A detailed infrared view of the Rosette Nebula shows dense knots of gas and dust where new stars are forming, surrounded by vast clouds of more diffuse material. The Rosette is one of the largest stellar nurseries in our region of the galaxy, spanning more than 100 light-years and weighing as much as 10,000 suns. This false-color image was snapped by Herschel, a European infrared space observatory that recently completed its mission. [A/PACS & SPIRE Consortium/HOBYS Key Programme Consortia]
Most stars begin their lives in colorful style — inside giant, glowing clouds of gas and dust. One beautiful example is the Rosette Nebula, which looks like a delicate rose. It’s in Monoceros, the unicorn, and is well up in the south-southeast at nightfall.

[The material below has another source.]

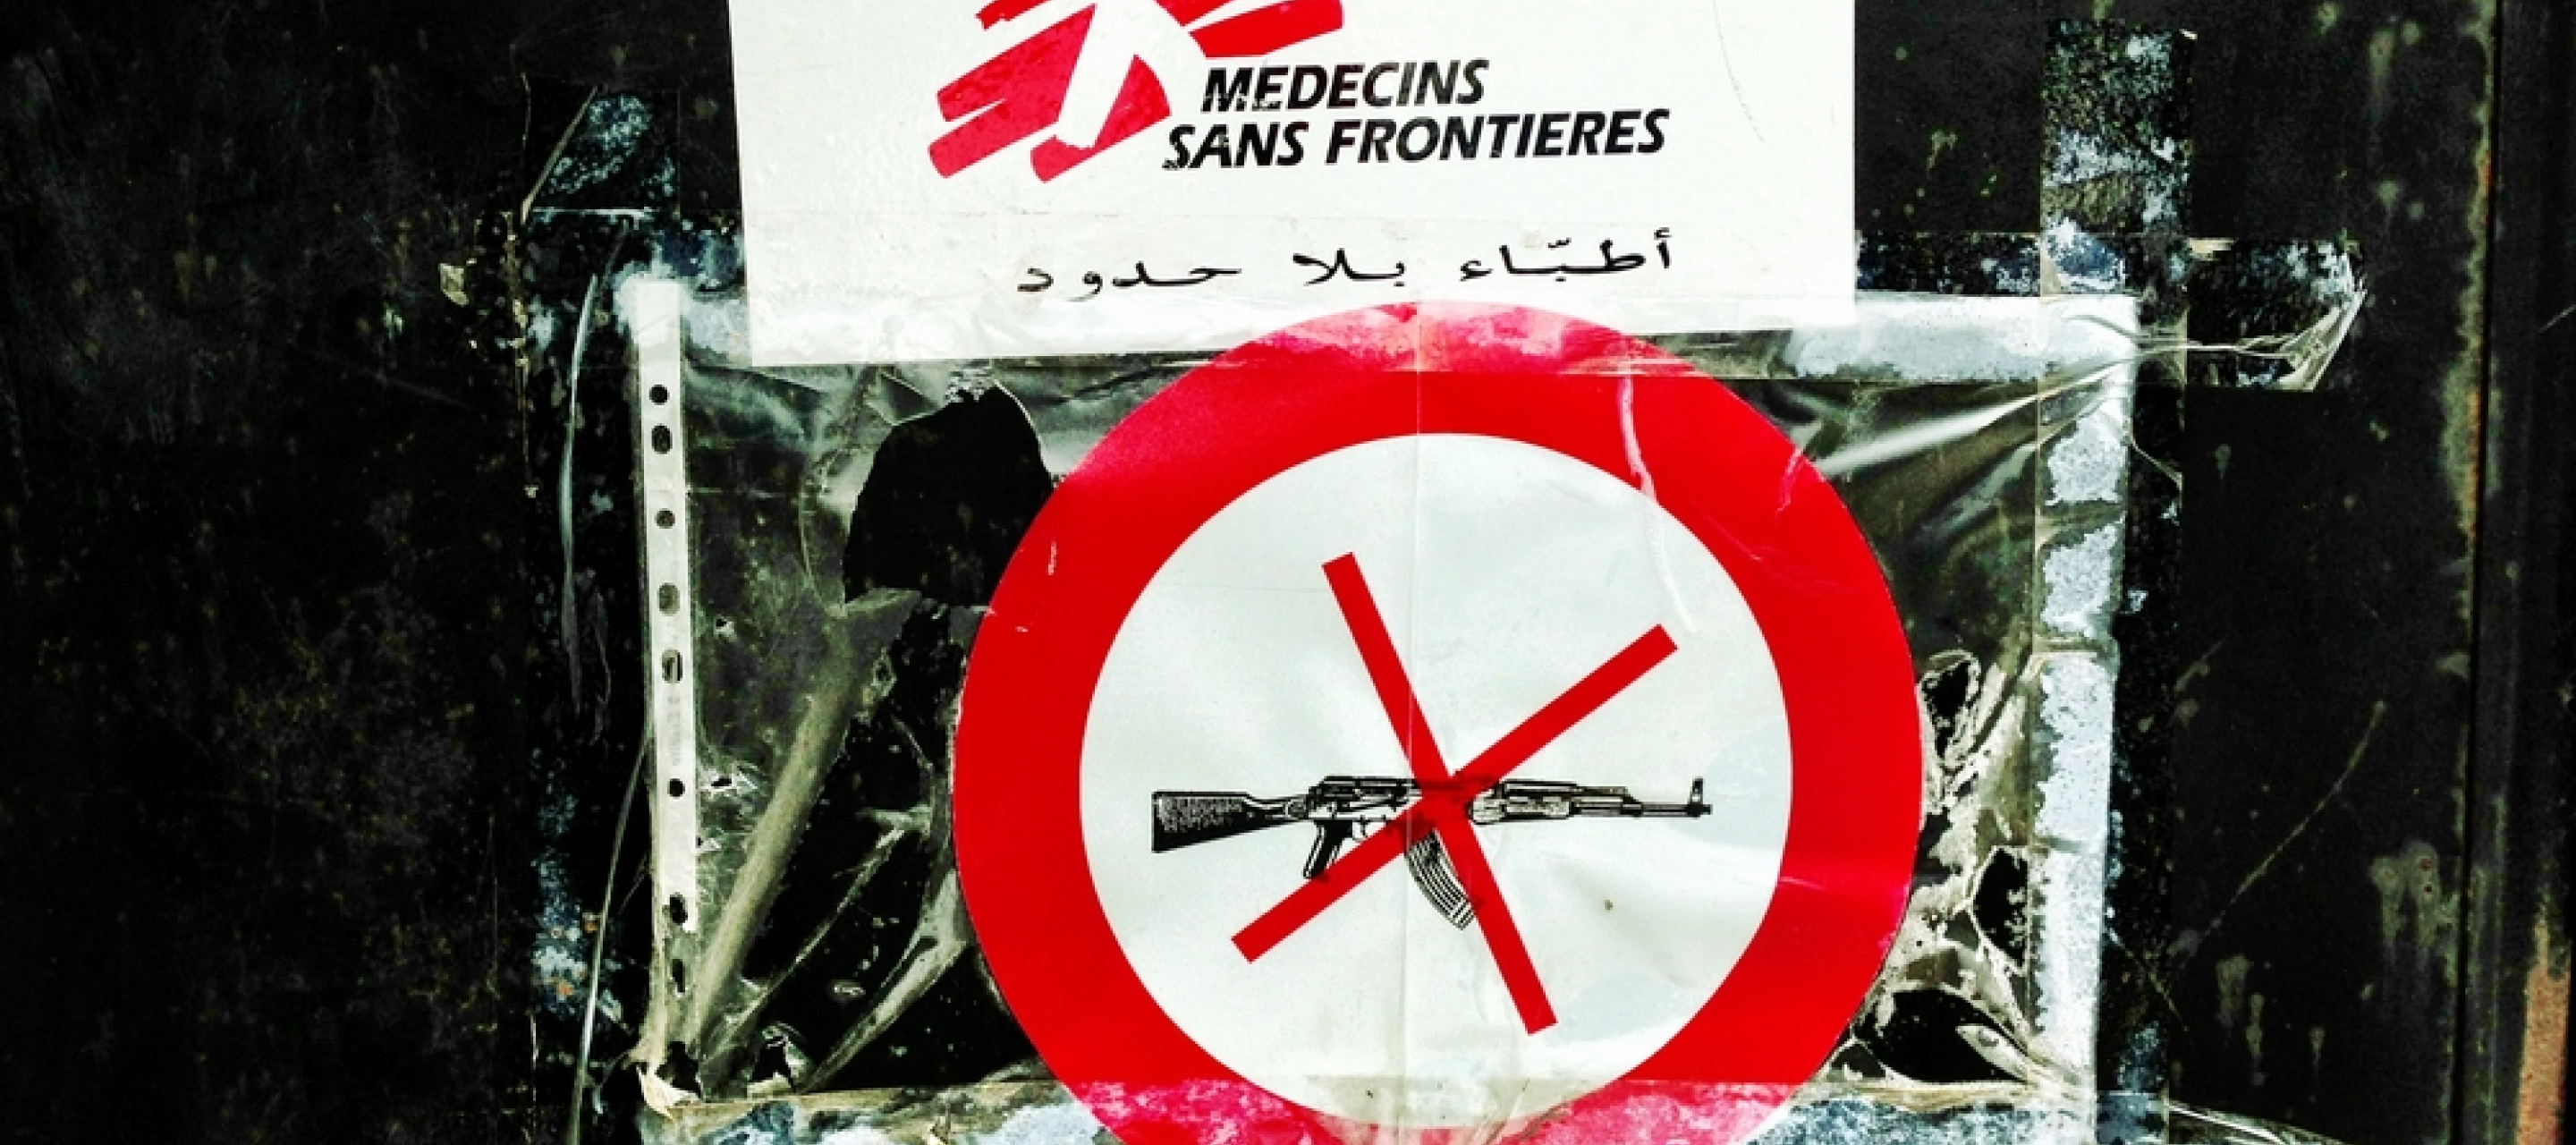 Ein Piktogramm mit einem durchgestrichenen Gewehr und einem Ärzte ohne Grenzen Schild

The Rosette is one of the biggest and heaviest stellar nurseries in our part of the galaxy. It spans more than a hundred light-years, and is about 10,000 times more massive than the Sun. It’s already given birth to hundreds of stars, and many more are still taking shape.
The biggest and brightest stars form a cluster at the center of the nebula. Energy from these stars zaps the remaining hydrogen gas around them, causing it to glow reddish-pink.
The stars also produce powerful winds. The winds have cleared out a wide cavity around these stars, shutting down the process of starbirth.
But farther away, the winds actually help that process. They squeeze clumps of gas and dust, causing them to collapse. When these clumps get dense enough, their own gravity takes over, squeezing the gas and dust into a tight ball. The center of the ball gets extremely hot, igniting nuclear fusion — and giving birth to a new star.
The stars of the Rosette are only a few million years old. Eventually, the nebula’s gas and dust will either be incorporated into stars or blown out into space. Over time, the stars most likely will spread out and go their own ways — and the colorful Rosette Nebula will vanish.